I can't take complete credit for this idea because I got it from Puscus. But the idea of this assignment is to shoot a character or scene from your favorite movie. Or TV show.

Have fun and good luck.


----------



## Big Bully (Aug 10, 2008)

Ok Ok I might as well be the first one to post pictures.. 
THis is my son pretending to be Superman.


----------



## johngpt (Aug 16, 2008)

Hmmm...

now where did I leave my tights?


----------



## Big Bully (Aug 17, 2008)

Well I have a spare pair if you would like to borrow them.. lol


----------



## Pugs (Aug 17, 2008)

Big Bully said:


> Well I have a spare pair if you would like to borrow them.. lol


 
Hm... excuse me while I go poke out my mind's eye... 

No offense meant, John! 

Oh, and I am working on something for this assignment.
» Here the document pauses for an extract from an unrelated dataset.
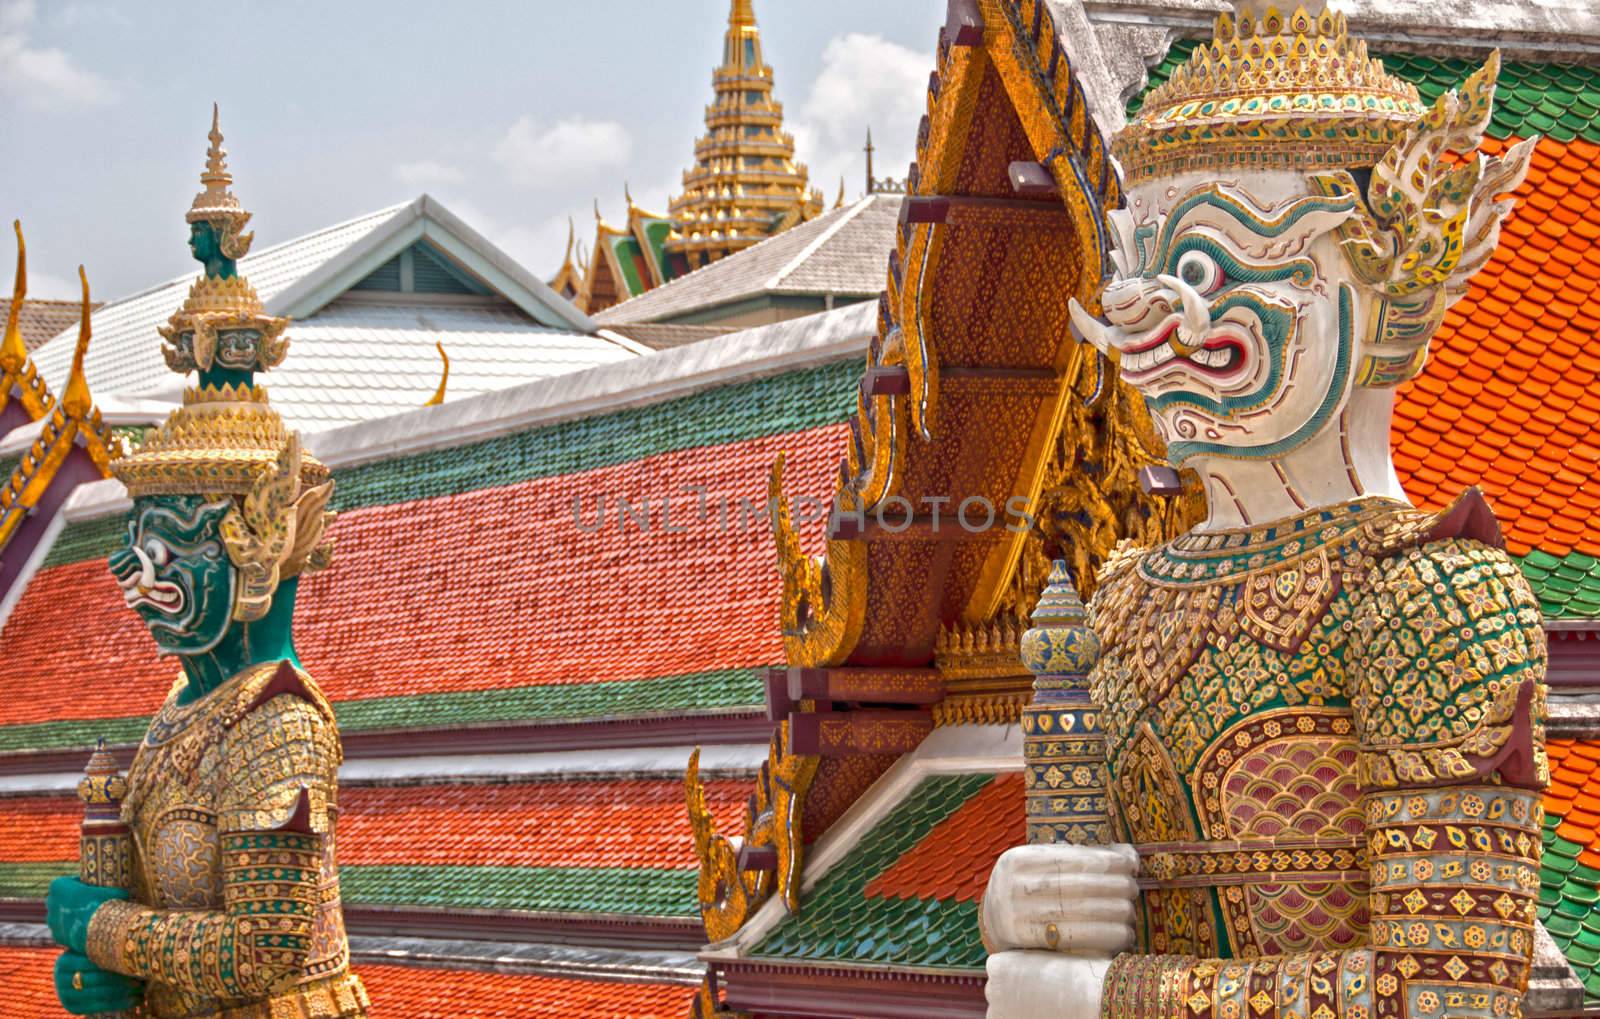 Statues inside the Grand Palace, Bangkok, Thailand

It's just that all of the movie scenes that I'd like to capture in a photo are WAY beyond my abilities as a photographer or access to locations. I'm trying to dumb it down and come up with something more within reason.


----------



## johngpt (Aug 17, 2008)

Pugs said:


> Hm... excuse me while I go poke out my mind's eye...



:lmao::lmao::lmao:


I'd bet Chiller may already have an image of something like that.


----------



## Pugs (Aug 17, 2008)

johngpt said:


> :lmao::lmao::lmao:
> 
> 
> I'd bet Chiller may already have an image of something like that.


 
You posed in tights for Chiller?!  :shock:


----------



## Big Bully (Aug 18, 2008)

johngpt said:


> :lmao::lmao::lmao:
> 
> 
> I'd bet Chiller may already have an image of something like that.


 


Pugs said:


> Hm... excuse me while I go poke out my mind's eye...


 


Pugs said:


> You posed in tights for Chiller?! :shock:


 

:lmao::lmao::lmao:

Ahh, yeah I needed that laugh today. That was awesome!


----------



## johngpt (Aug 18, 2008)

Meg, we do it all for you, babe!    :hug::


----------



## Big Bully (Aug 19, 2008)

Oh thanks John. I feel special now! :blushing:


----------